(ABOUT THIS TASK):
Please retype the data below line for line and leave out every picture.

(RAW DATA):

###

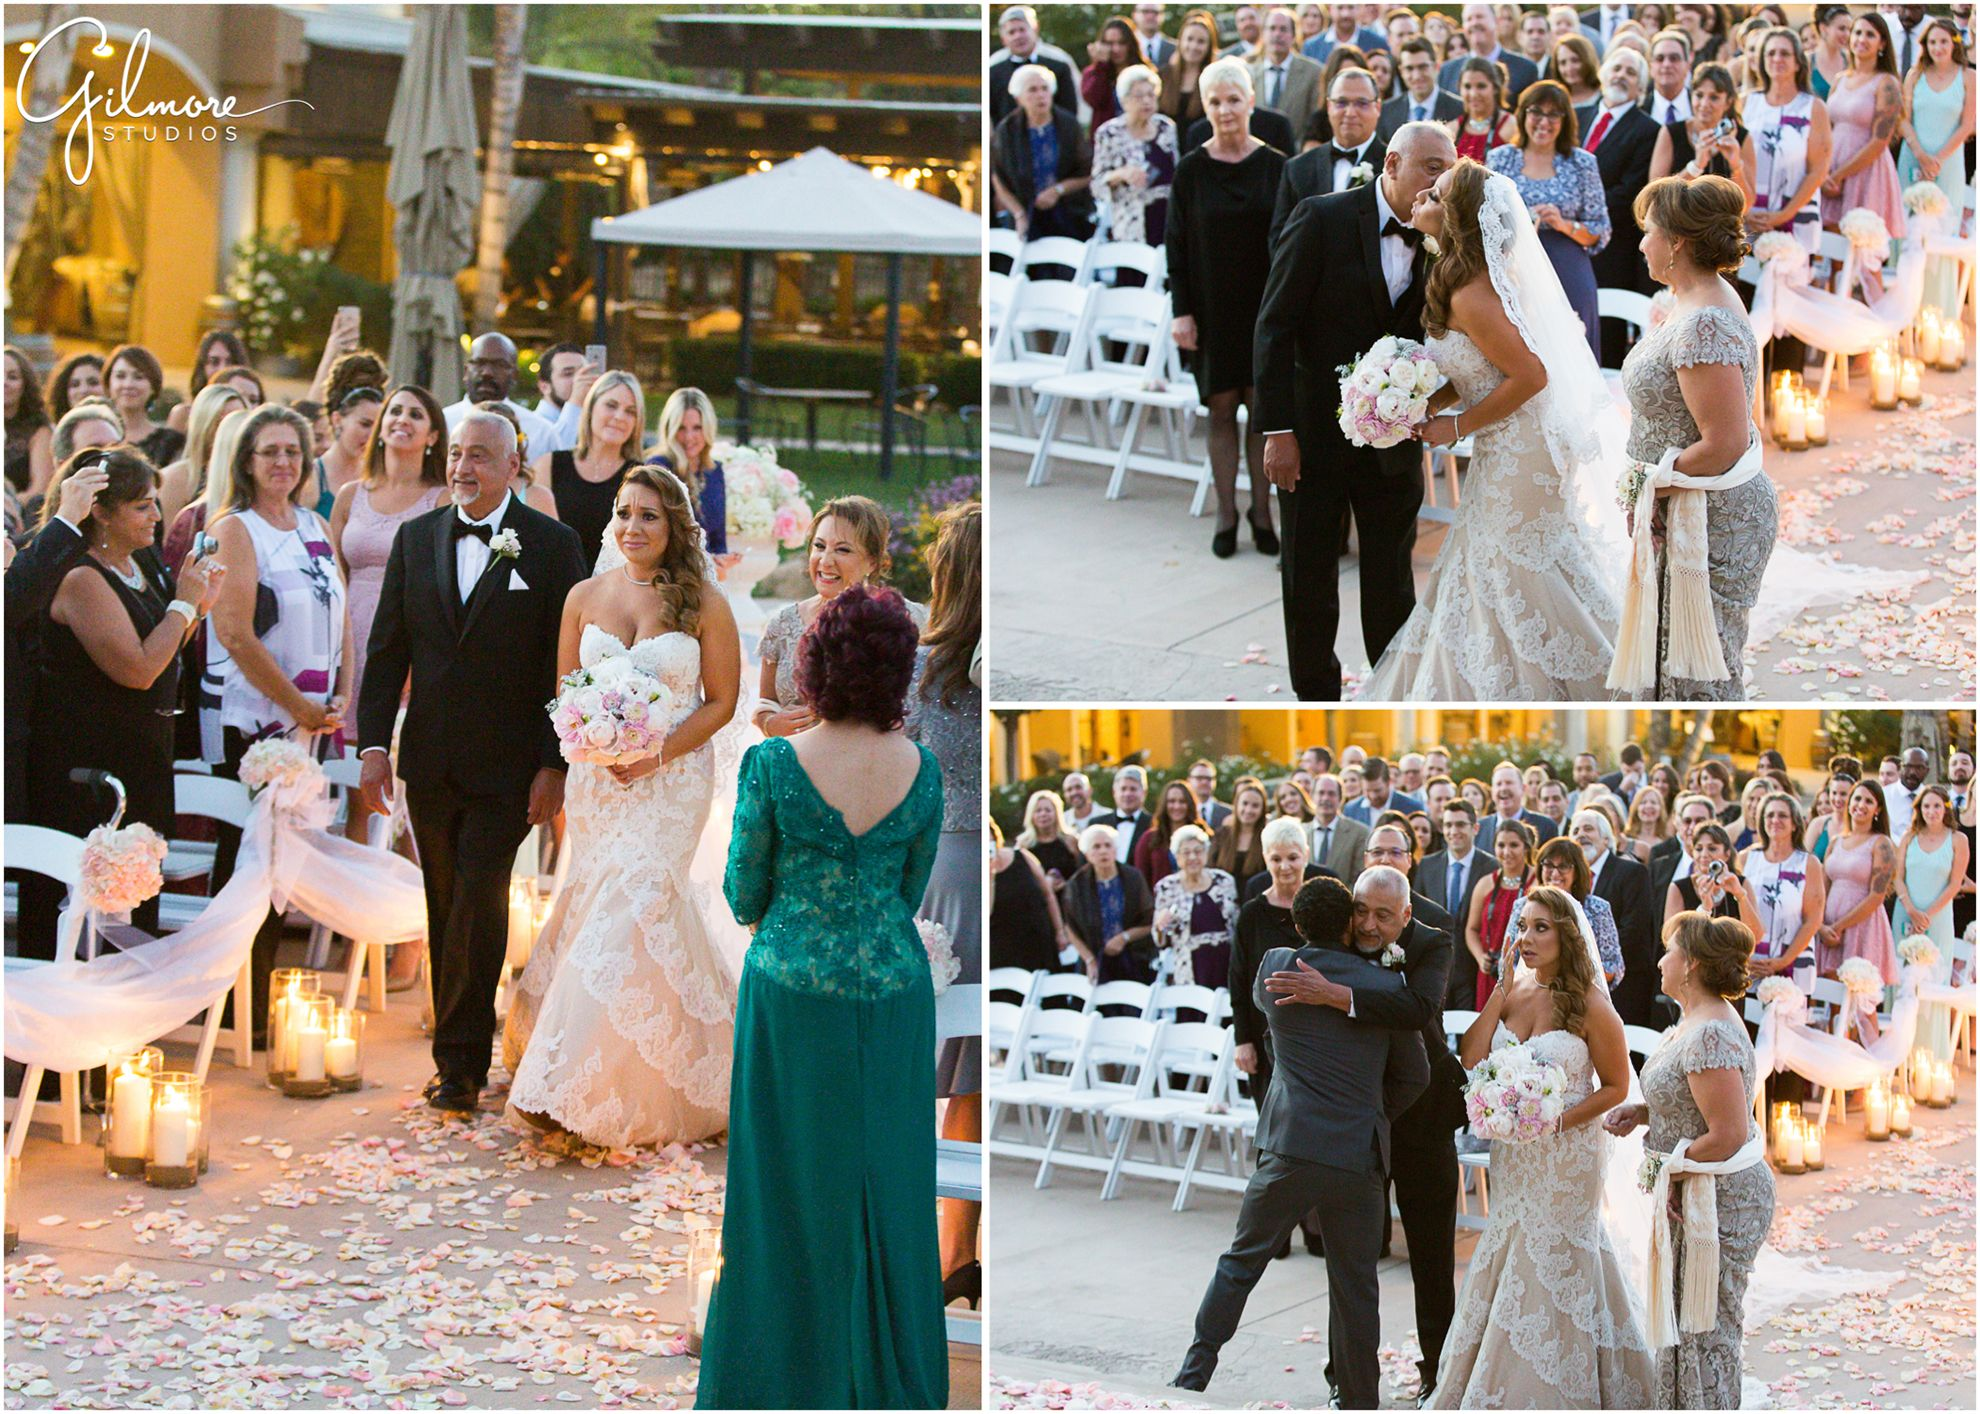 Wilson Creek Winery Wedding | Father Handing Off The Bride Wedding Ceremony Walking Down The
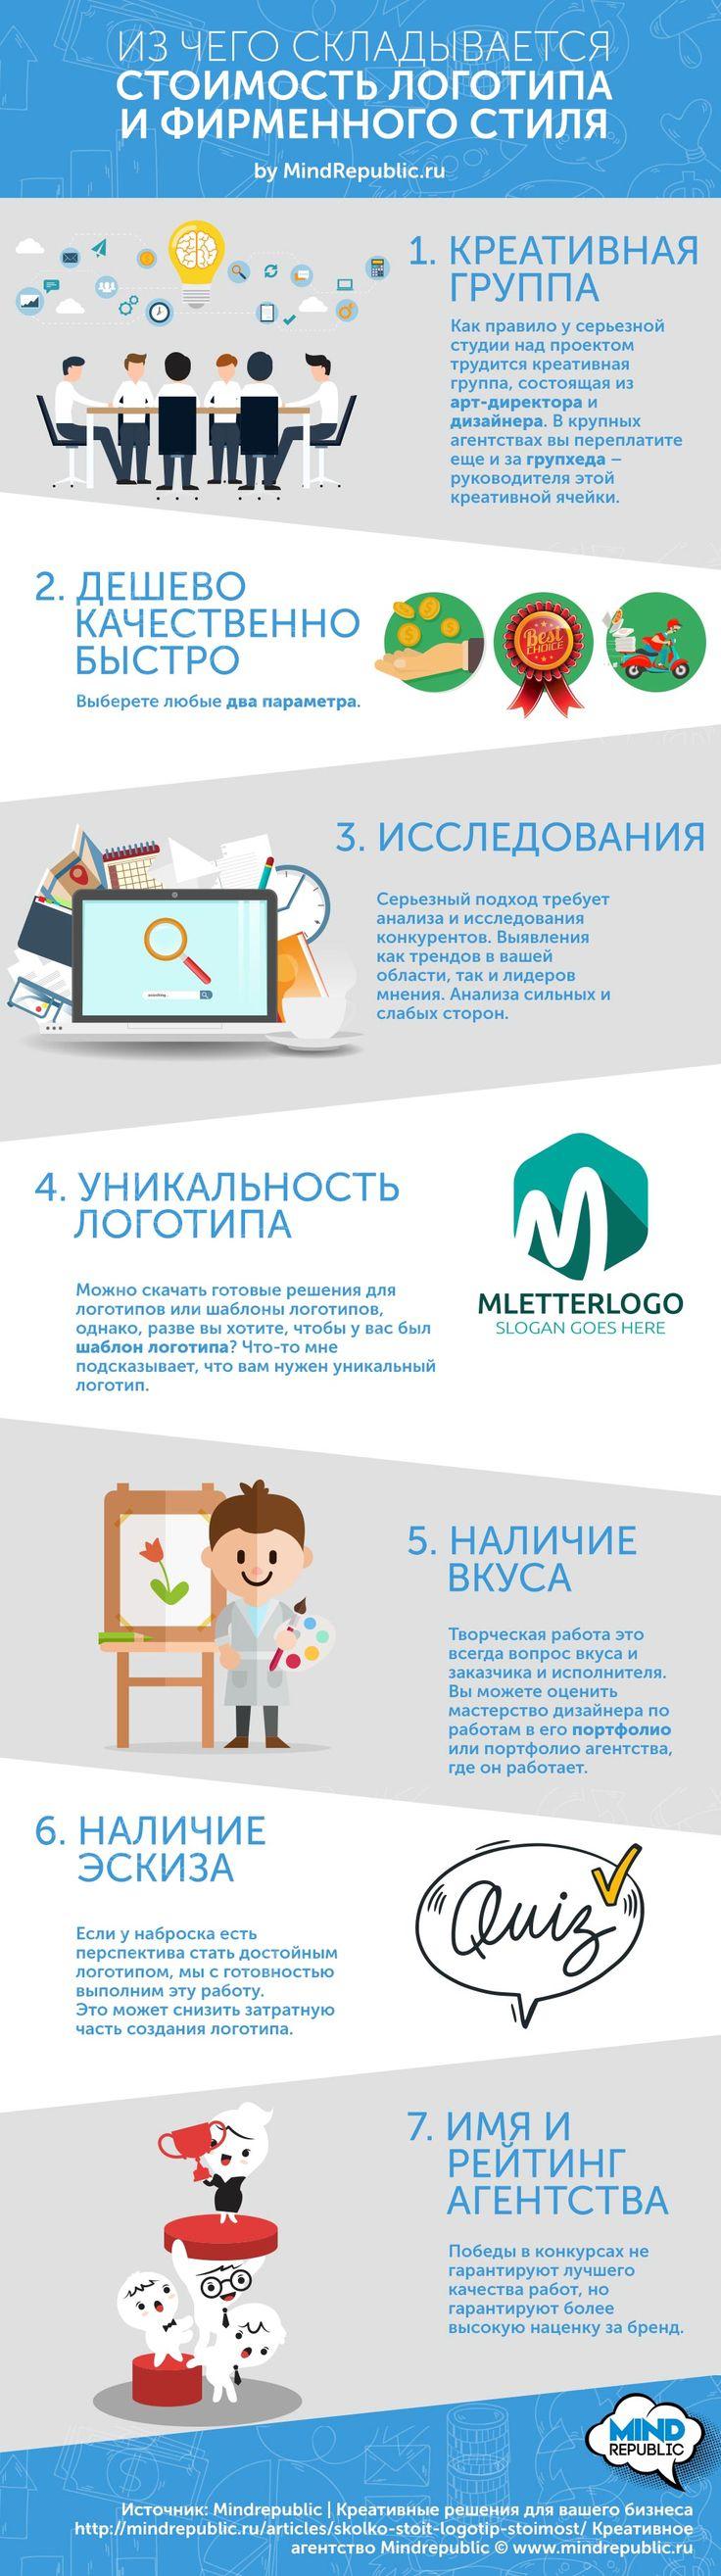 skolko-stoit-logotip-i-pochemu-logotip-stoimost-infografika Инфографика. Сколько стоит логотип. Процесс создания логотипа
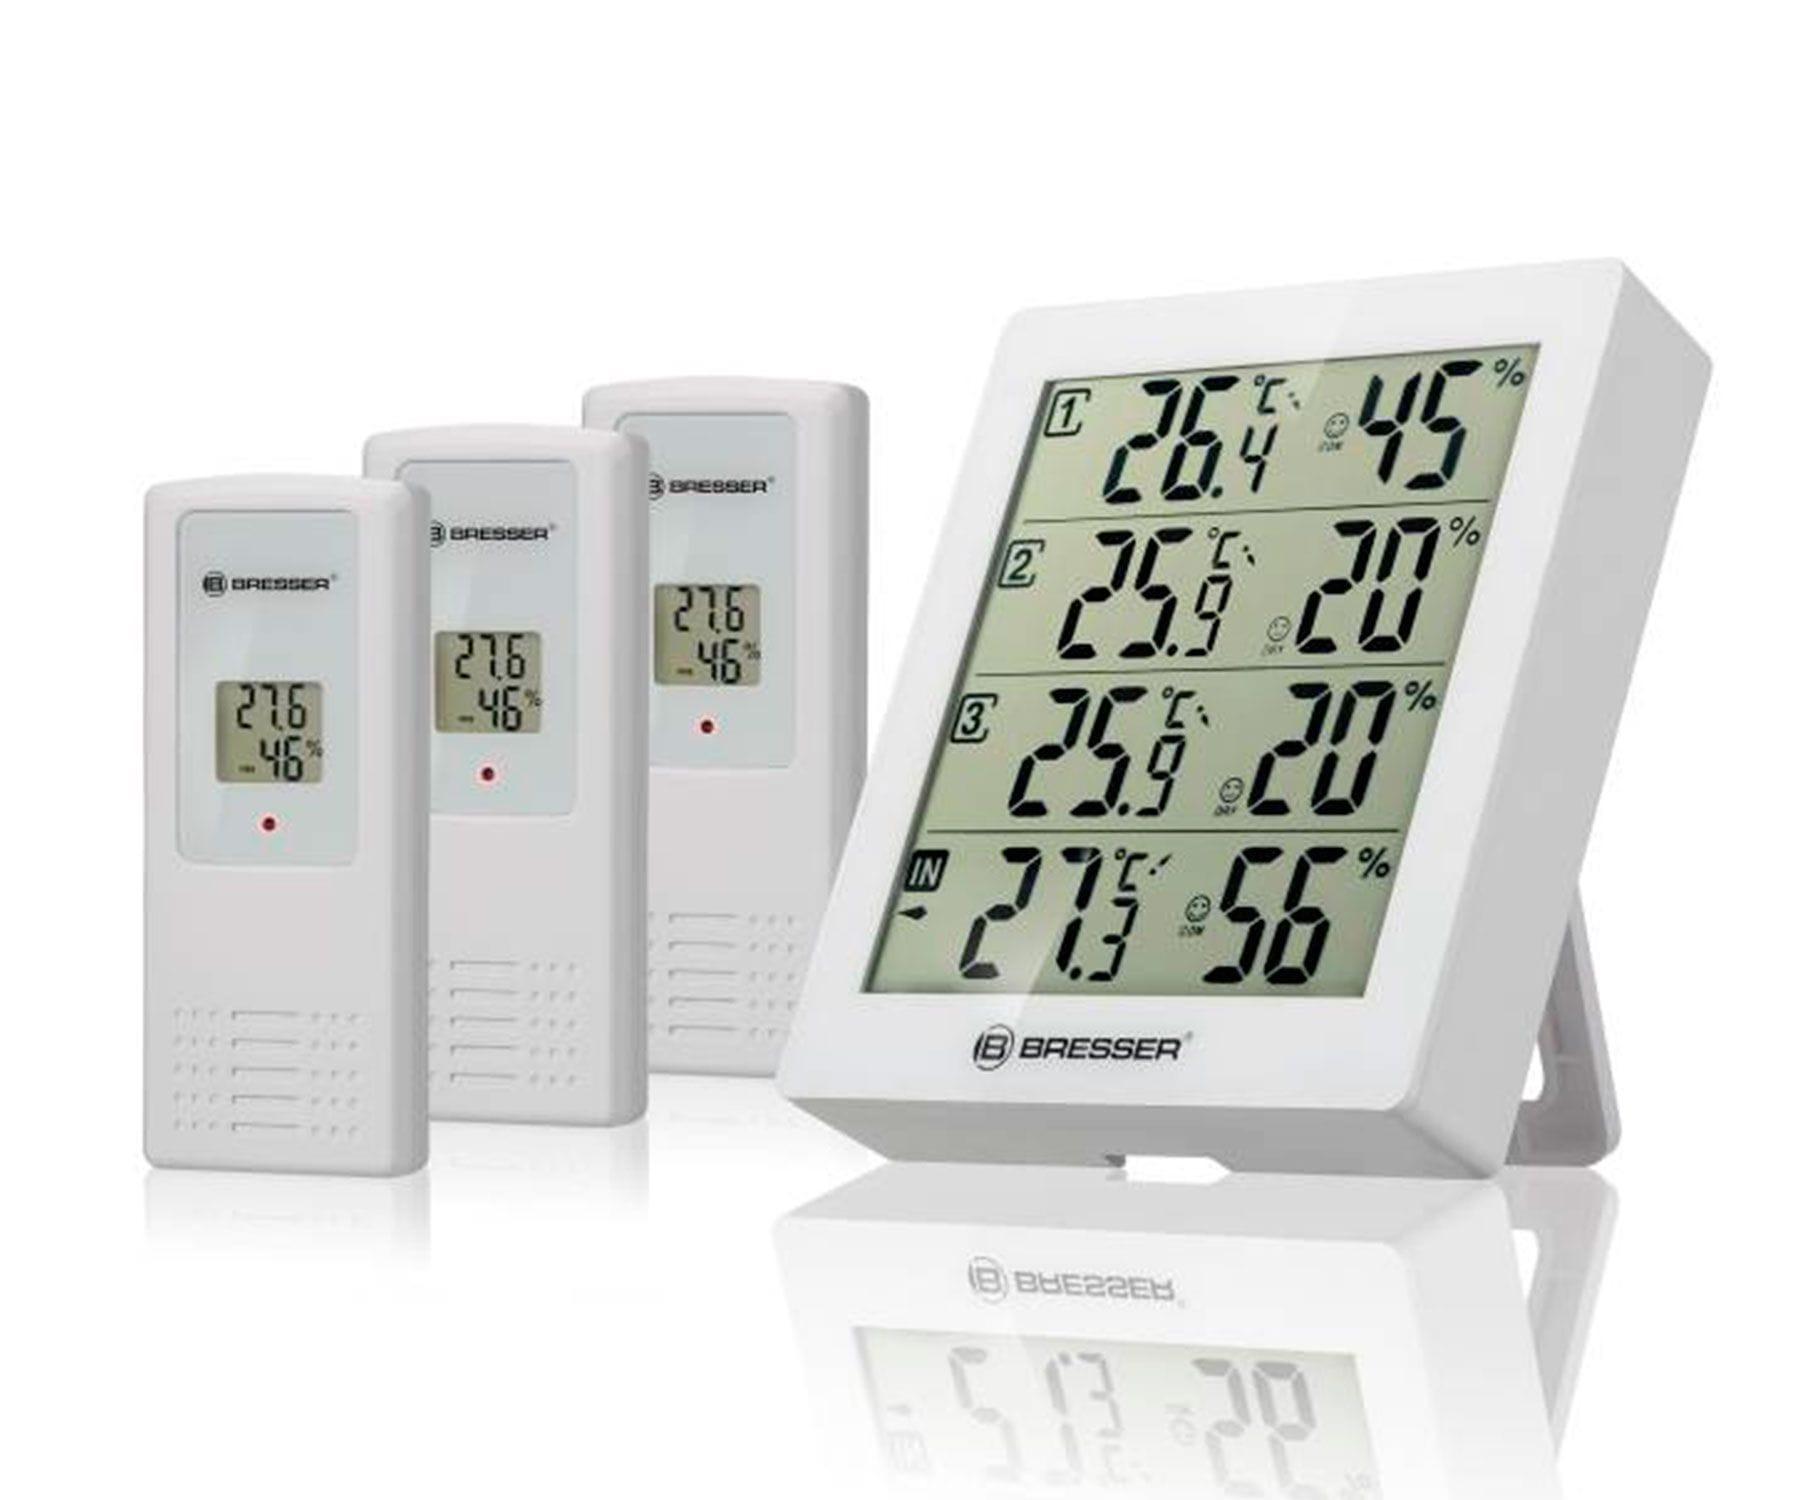 Bresser Temeo Hygro Quadro Blanco/Estación meteorológica + 3 sensores

###

(OUTPUT FOR THIS TASK):
 Wilson Creek Winery Wedding | Father Handing Off The Bride Wedding Ceremony Walking Down The
 skolko-stoit-logotip-i-pochemu-logotip-stoimost-infografika Инфографика. Сколько стоит логотип. Процесс создания логотипа
 Bresser Temeo Hygro Quadro Blanco/Estación meteorológica + 3 sensores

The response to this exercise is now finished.